13. TECHNOLOGY: Role of technology (in causing and solving env. problems)
a. Technology a major cause: Victims of our own success
b. Examples of high tech solutions to env. problems
i. Geo-engineering as response to climate change
(1) Gardner on geo-engineering
c. ***Why are high-technological solutions to environmental problems so attractive to many?
i. Belief in the scientist and engineer as “can-do guy”
ii. Promise solutions to env. problems w/o forcing us to change our values, ways of life or economic systems
d. Recent emphasis on “green energy” is a technological approach to solving env. problems
Study questions, Jamieson, Ch 1, 1-13
1. Explain the distinction between protecting nature and protecting the environment, using Harlem as an example.

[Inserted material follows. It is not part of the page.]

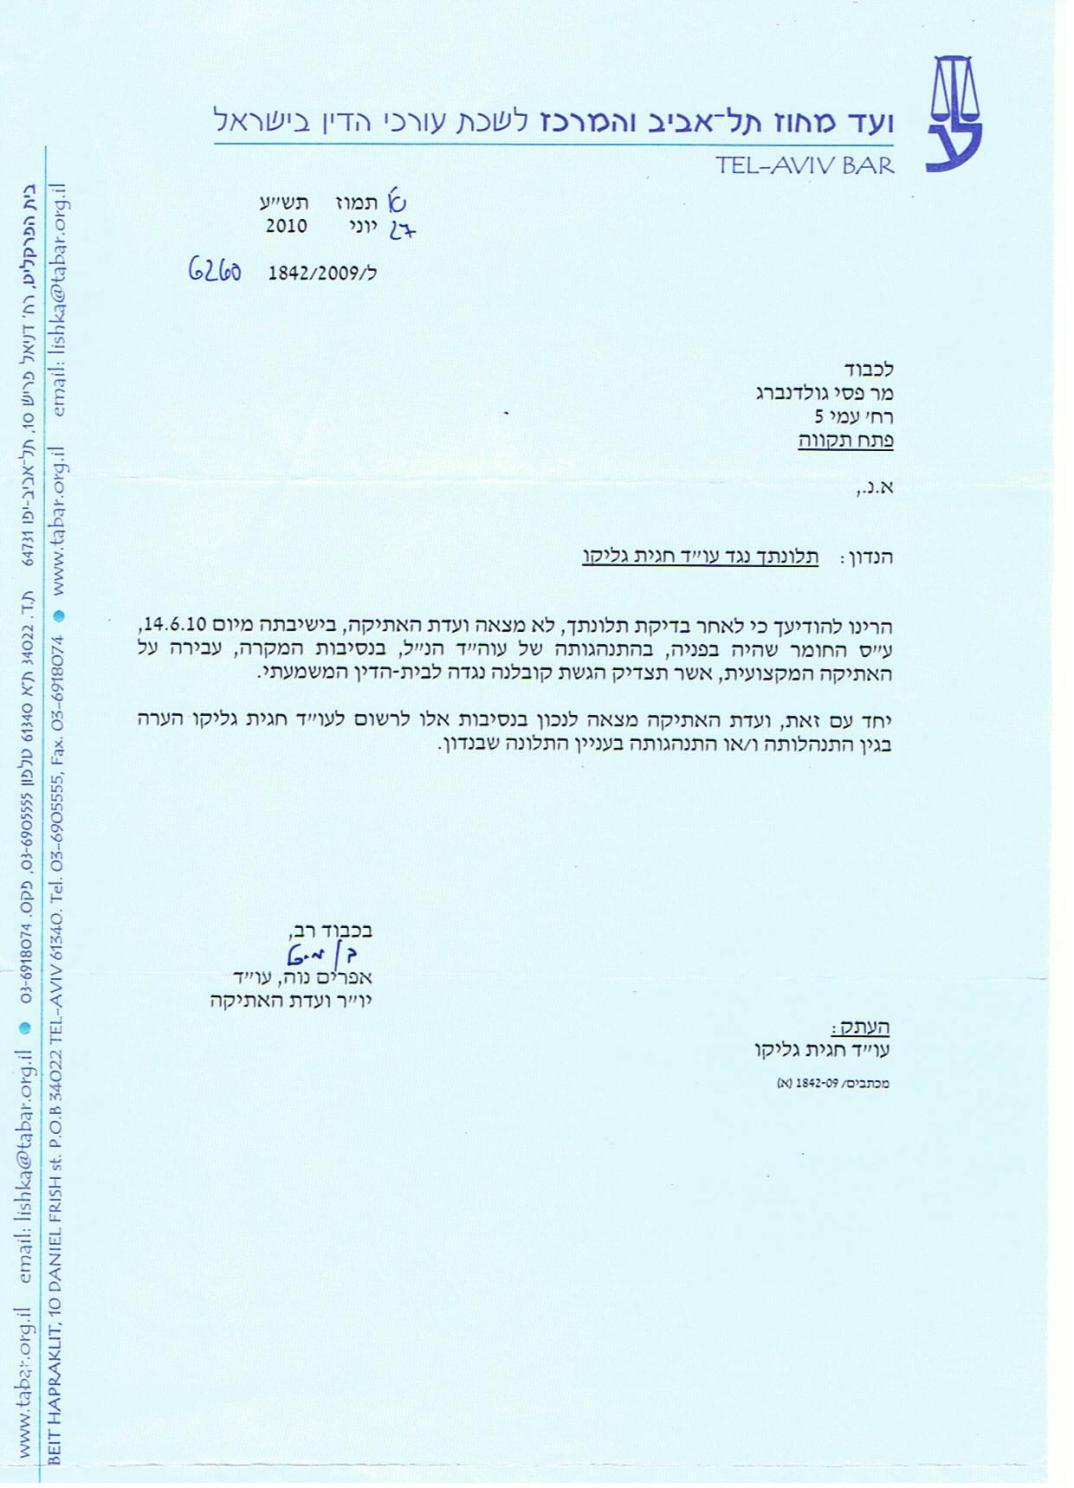 החלטת ועדת האתיקה נגד עורכת דין ממשרד לינצר

2. Explain some of William Cronon’s criticism of “wilderness environmentalism” (the tendency in environmentalism to focus on protecting special wild places). Do you agree with Cronon?
3. Are humans part of nature or not? Explain the considerations on each side of this issue and develop your own views on it. Discuss whether our environmental problems are due in part to people’s mistaken answer to this question.
4. Explain the difference between the idea that earth and its ecosystems are stable and the notion that they are delicately balanced. Which of these (if either) do you accept and why? What is Jamieson view on this matter?
5. In your own mind how important is technology as a cause of environmental problems and as a possible solution to them?